### Supplied information:
<<<<

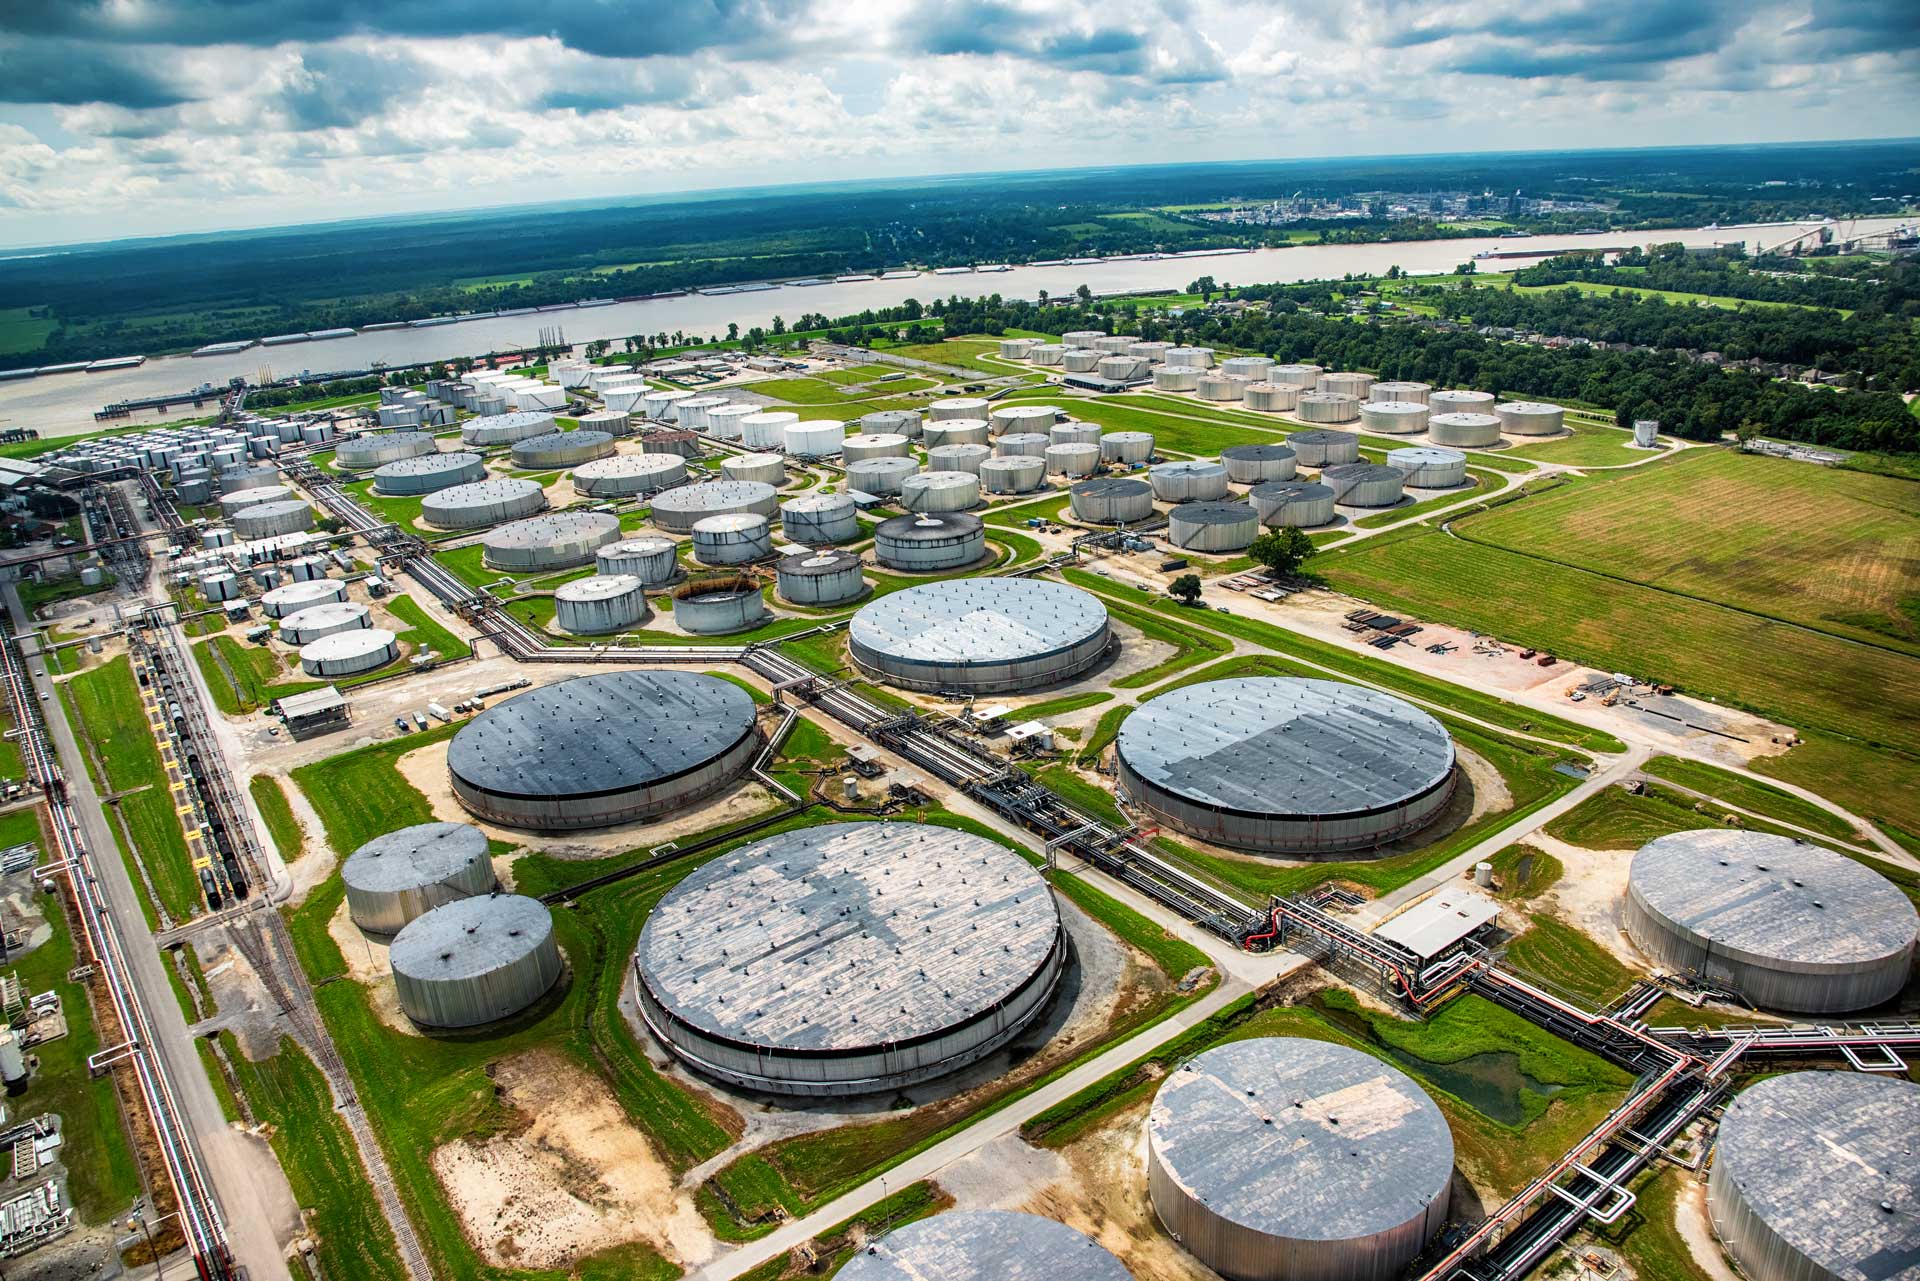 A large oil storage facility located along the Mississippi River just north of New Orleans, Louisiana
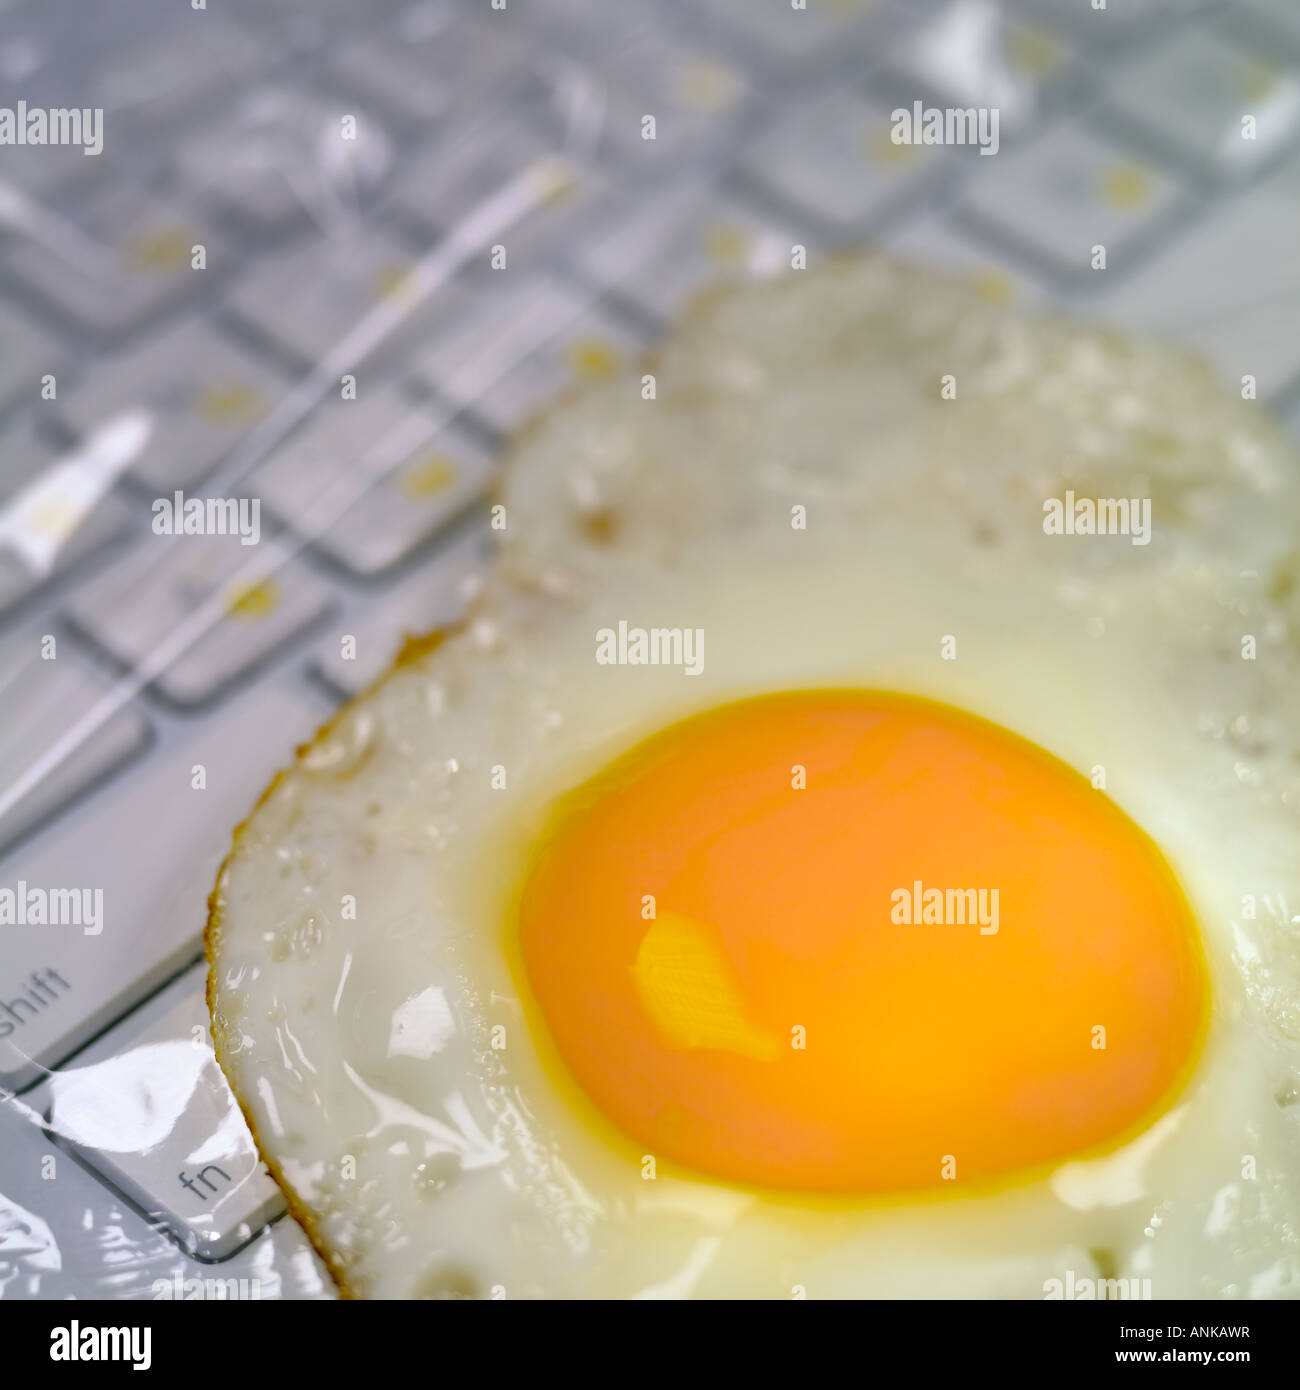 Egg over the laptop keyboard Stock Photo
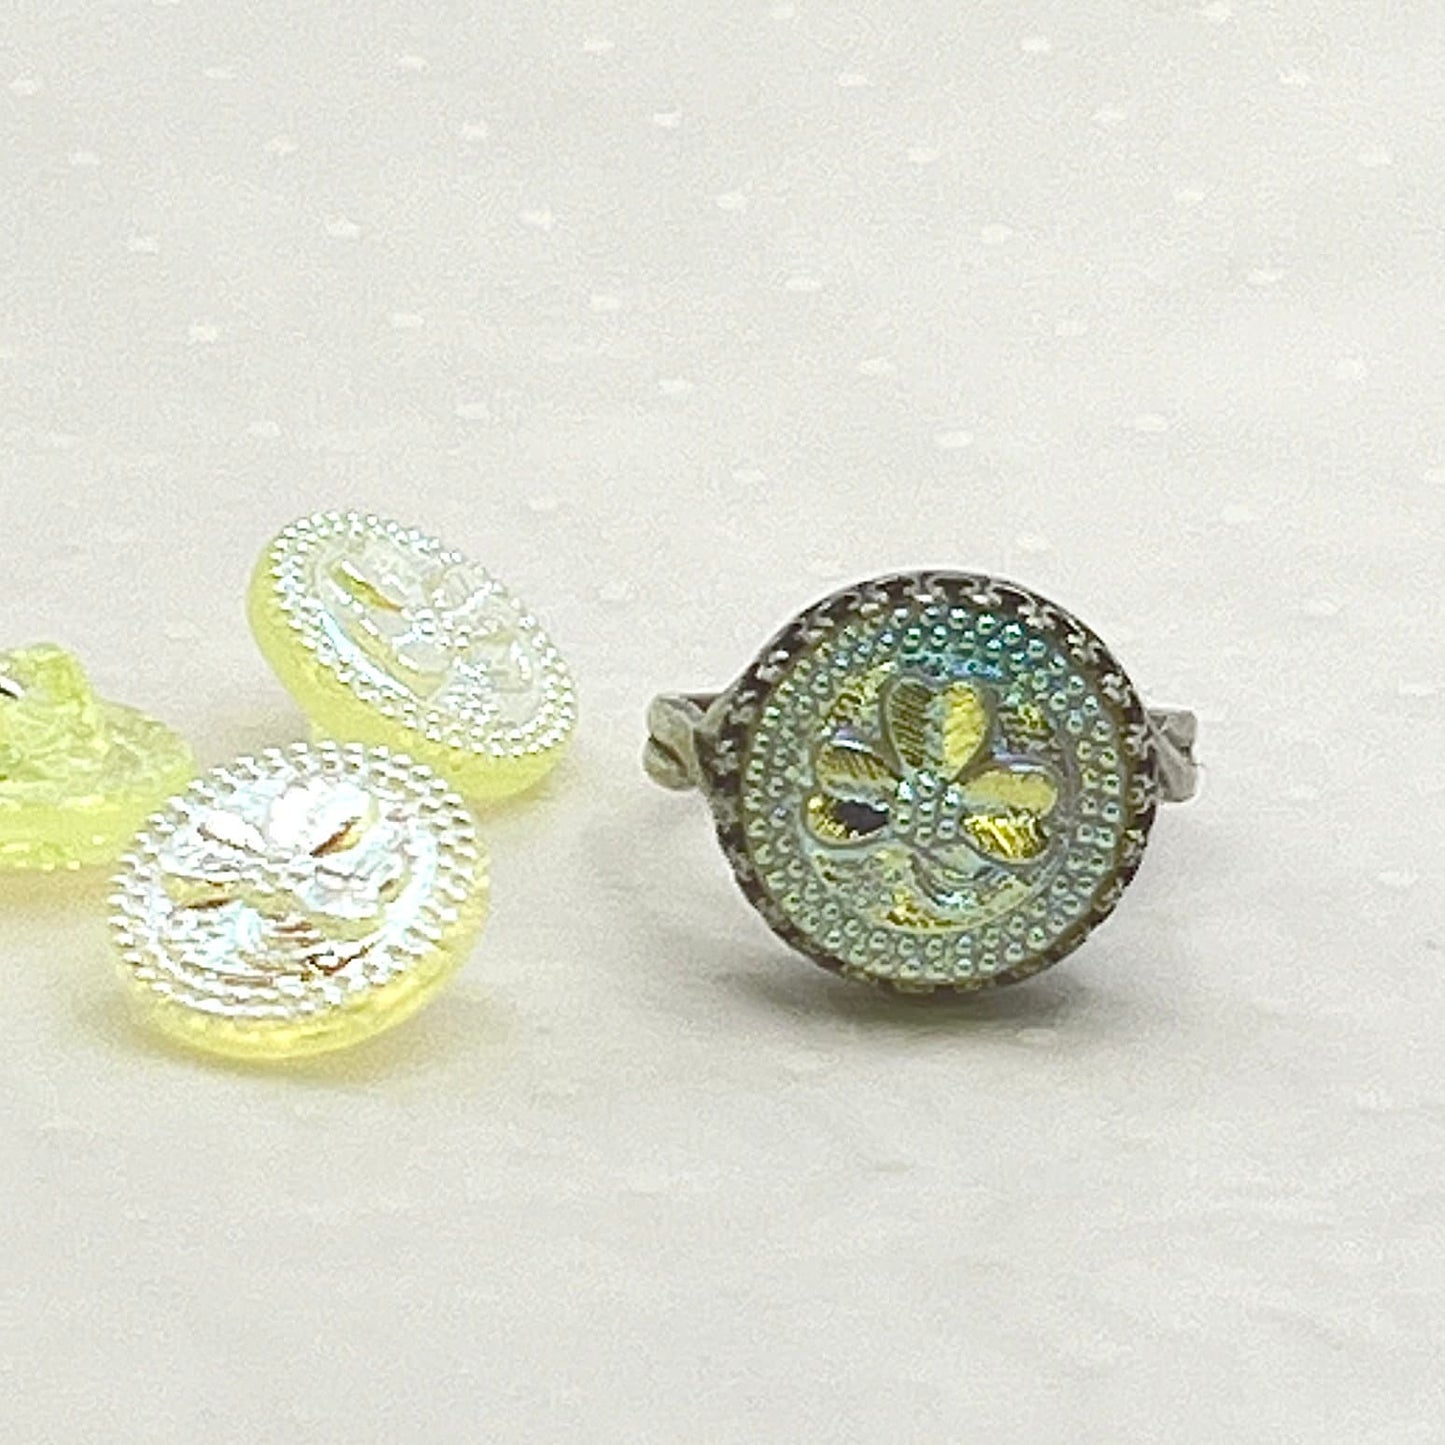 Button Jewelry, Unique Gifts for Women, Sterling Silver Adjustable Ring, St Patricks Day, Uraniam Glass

>>>>

### The problem:
Output all of the data exactly. Skip the pictures.

### Result for this exercise:
 A large oil storage facility located along the Mississippi River just north of New Orleans, Louisiana
 Egg over the laptop keyboard Stock Photo
 Button Jewelry, Unique Gifts for Women, Sterling Silver Adjustable Ring, St Patricks Day, Uraniam Glass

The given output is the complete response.